I was in Boston taking my wife to a Dr appointment. (We live in southern NH about 50 miles north.) After the appointment I checked my iPad for local Bianchi dealers and found one only about 3 miles from our appt which was more like 20 mins driving time:. They had a 2013 Vertigo 105 in stock and a couple of left over 2012 Infinito Ultegras in smaller frame sizes. I have to say the new Vertigo looks really nice. I didn't see any of the frame where the carbon weave was revealed so couldn't compare the quality to an Infinito. The paint looks nice. The LBS was fairly new to the Bianchi line and didn't seem to know much about the bike. They offered to let me test ride it but wasn't really comfortable riding around in down town Boston on a test bike. I have no problem driving in town but did not know the area well. And my wife was being kind to indulge my hobby and didn't want to take advantage of her time. I am excited for my LBS to get in his 2013 order so I can do some nice back to back comparisons on the Vertigo and Infinito and probably the Impulso as well. Here are some photos. Sorry for the bad quality. I took just a couple of pictures with my iPhone but didn't really plan it too well with the background.


----------



## Tspeters

And another 
View attachment 268189


----------



## sculpin

I'm also torn between the two bikes/frames, and can't decide.

I have to presume that the Infinito frame is far 'better' (whatever that means in the real world) than the Vertigo frame, given that the Infinito frame price alone is higher than the price of a complete Vertigo, but I can't find any information at all about what constitutes the difference, just that they are both in the C2C line, and are both CF.
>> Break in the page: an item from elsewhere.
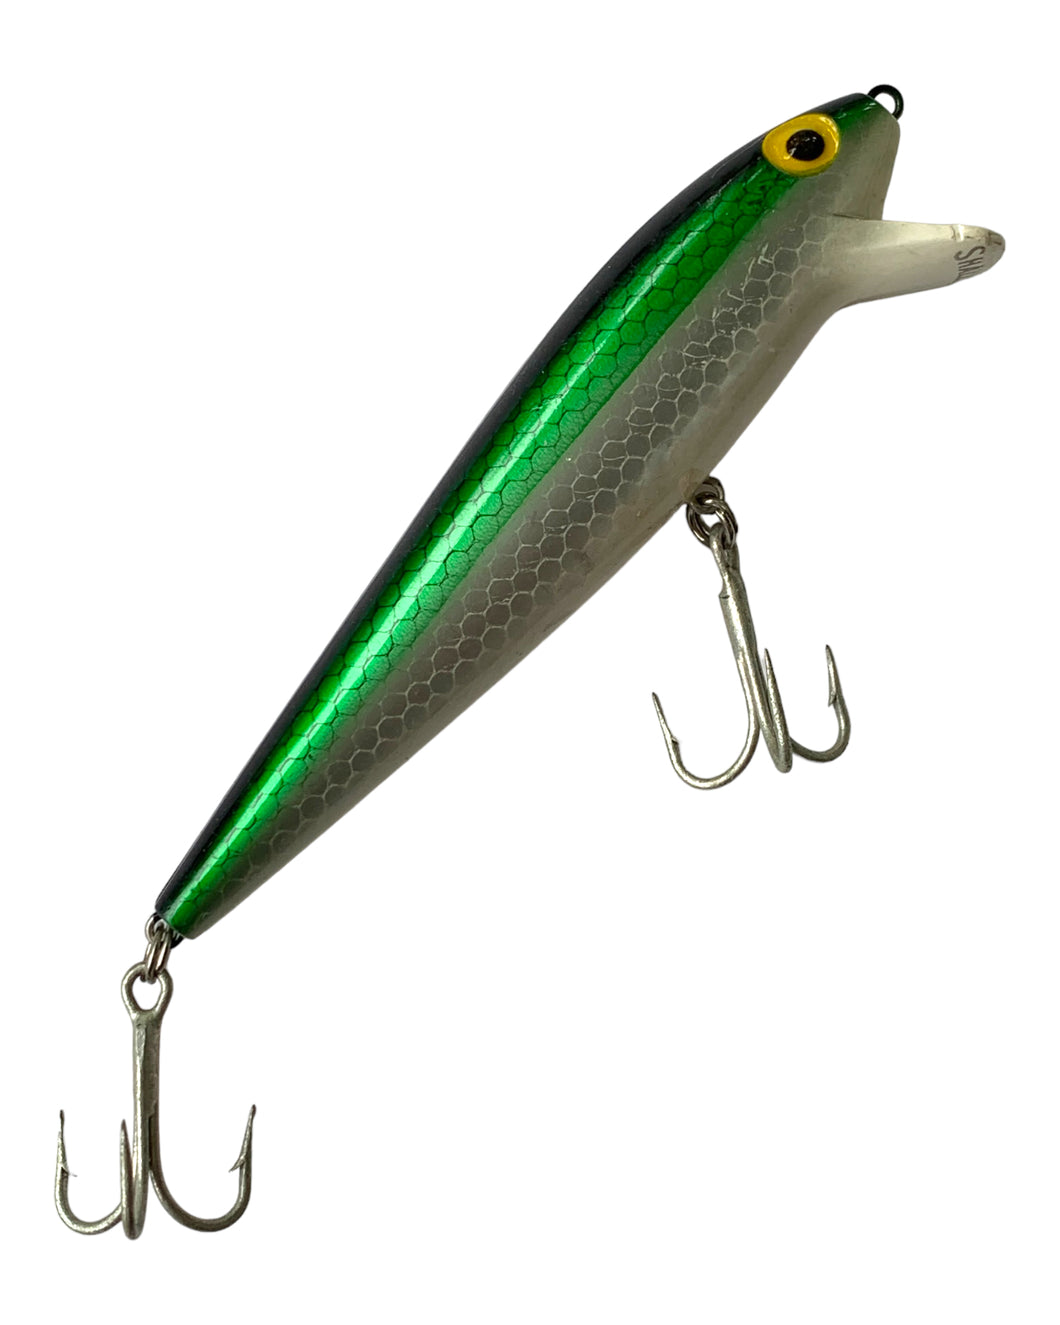 Storm Manufacturing Company SHALLOMAC Fishing Lure • DN-6 GREEN SCALE

Anyone have any information about the difference between the framesets, without regard for the wheels and components?

Thanks!


----------



## Tspeters

The few things I could discern between the two were; (someone please interject if I'm wrong) :the fork on the Vertigo is Aluminum/carbon vs full carbon Infinito, the Infinito use Kevlar inserts on the seat stays and front fork to help absorb vibration, ( BAT and K-VID) not used on the Vertigo. I was told by an LBS that Bianchi uses a slightly less expensive carbon process which allows the Vertigo to be just a little heavier . Though I can't confirm that and have not weighed the two. I did feel the two bikes weight by lifting an Infinito and Vertigo. Unscientific but the Vertigo felt a little heavier . Might have been just me . The components could have made a difference. The Infinito had Ultegra vs the Vertigo's Shimano 105. Some mentioned a difference in the quality of the paint but I thought the Vertigo looked really good in person and would not use that as a deal breaker. There is only a $800 difference in the the two base models. The components alone could make up a lion share of the difference. Brakes, seat post (AL vs CF) grips, handle bar, headset, stem etc. I bought the Infinito because the $800 was not too big a leap for me and also because my LBS said that Bianchi was behind in production. In December he was told the Vertigo's would not even go into production until Jan or later and that Bianchi would only fill prepaid orders first, then the dealers would get the their orders if any left. So I just ordered the Infinito which was already produced and received it a couple of weeks later. (Just after Christmas ) I didn't want to wait until Apr or May for a Vertigo and find out they didn't have my size. I don't think you can go wrong with the Vertigo. It's a bargain! I'm just too impatient to wait .


----------



## sculpin

Thanks, Tspeters! Exactly what I was looking for.


----------



## Flying Foot Doc

Hello al, new to this forum & would like to add a few comments on the Infinito. Can't speak about the Vertigo, though. I have had my Infinito 105 for about 3 years and 4000+ miles. I am 65, so not ridding at all for racing speed, but have completed some bucket list items with it: 1000 m/yr, 1st Century before I was 65 and my age in miles every year. I had to choose between the 105 and the Campy version for budget rationalization and stayed w/ the 105 as my 1st every new road bike. My thinking was buy a good frame and upgrade as I could (afford it & convince myself I needed it). So far the changes have been better wheels - a big difference; Carbon handle bars - Bontrager Race xxx IsoZone handle bars - has taken almost all of the road numbness out of my hands, tried 4 different seats - personal preference only, and the crank set, my FSA started to oxidize due to the salt air down here. It is a lively ride, more than I could have imagined, always able to do more than I am capable of making it do. The story line in my home is that it is my mistress and she lives up to her name, always asking for infinitely more of my time, energy and ways to spend my money...but my wife knows who she is... Andy


----------